Hepatic Stellate Cell Activation and Inactivation in NASH-Fibrosis-Roles as Putative Treatment Targets?

Abstract

Hepatic fibrosis is the primary predictor of mortality in patients with non-alcoholic steatohepatitis (NASH). In this process, the activated hepatic stellate cells (HSCs) constitute the principal cells responsible for the deposition of a fibrous extracellular matrix, thereby driving the hepatic scarring.
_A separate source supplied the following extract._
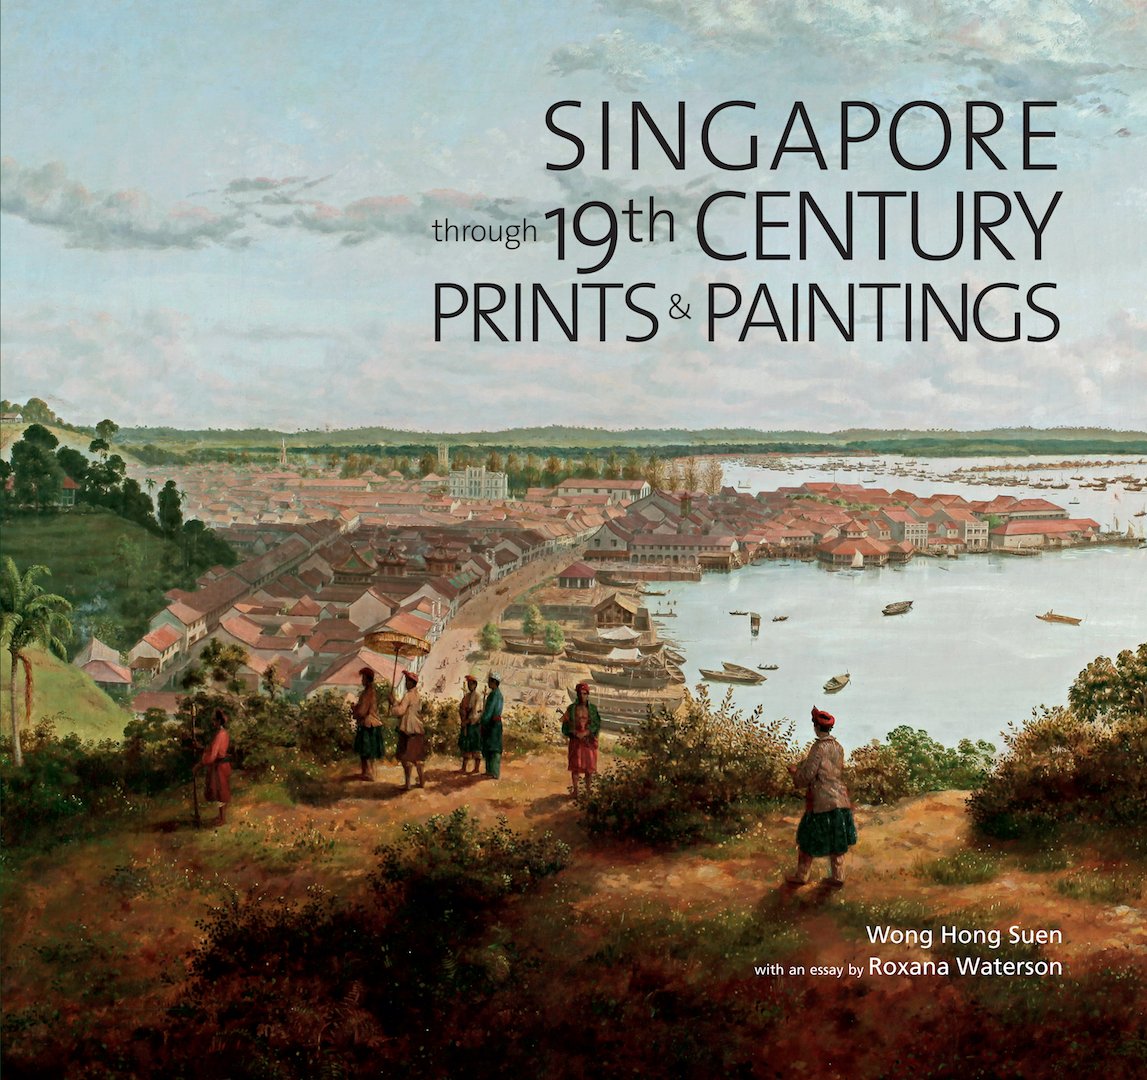 Singapore through 19th Century Prints and Paintings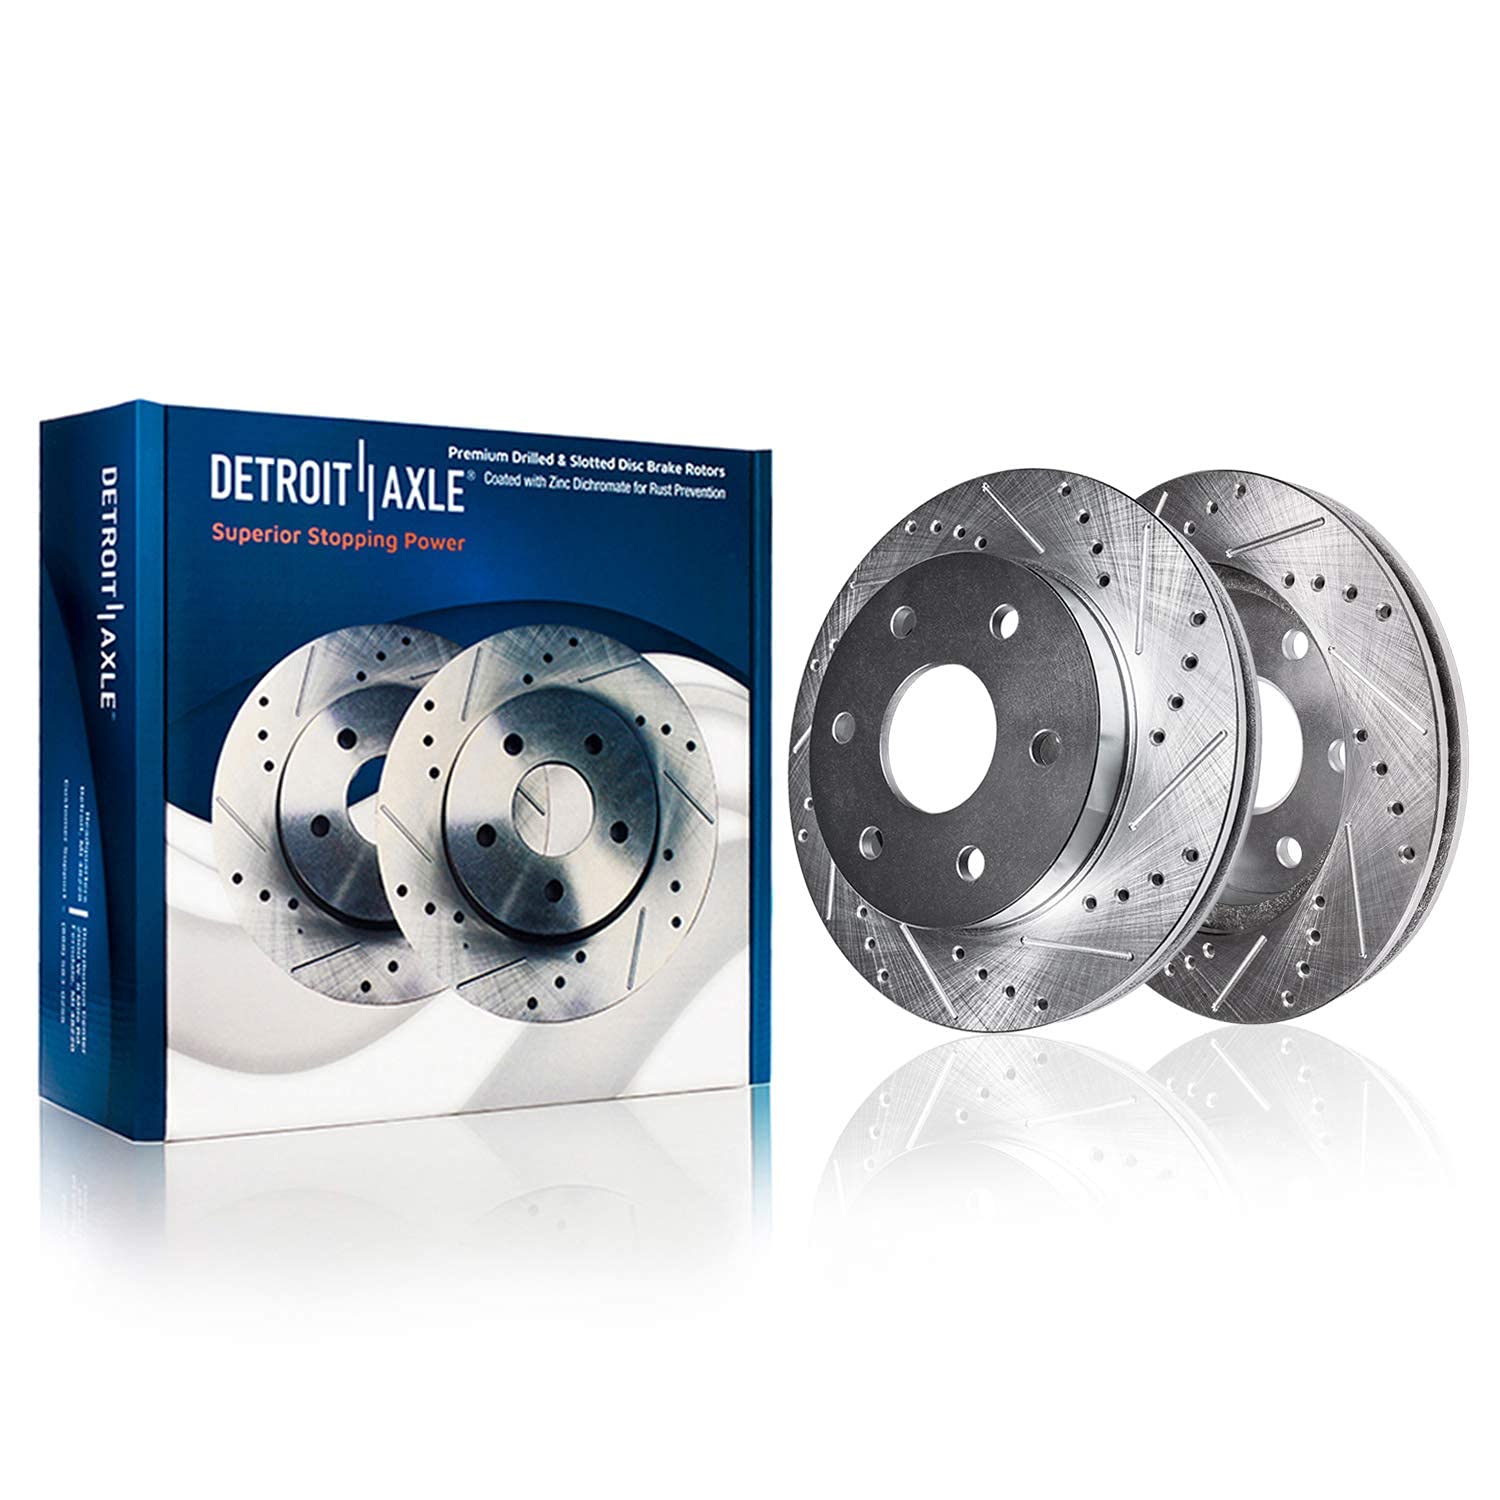 Detroit Axle - Brake Kit for Chevy GMC Silverado Sierra 1500 Yukon Tahoe Astro Drilled & Slotted Disc Brakes Rotors Ceramic Brake Pads Replacement : 12" inch Front Rotor and 12.78" inch Rear Rotor

HSC activation, migration, and proliferation are controlled by a complex signaling network involving growth factors, lipotoxicity, inflammation, and cellular stress. Conversely, the clearance of activated HSCs is a prerequisite for the resolution of the extracellular fibrosis. Hence, pathways regulating the fate of the HSCs may represent attractive therapeutic targets for the treatment and prevention of NASH-associated hepatic fibrosis. However, the development of anti-fibrotic drugs for NASH patients has not yet resulted in clinically approved therapeutics, underscoring the complex biology and challenges involved when targeting the intricate cellular signaling mechanisms. This narrative review investigated the mechanisms of activation and inactivation of HSCs with a focus on NASH-associated hepatic fibrosis. Presenting an updated overview, this review highlights key cellular pathways with potential value for the development of future treatment modalities.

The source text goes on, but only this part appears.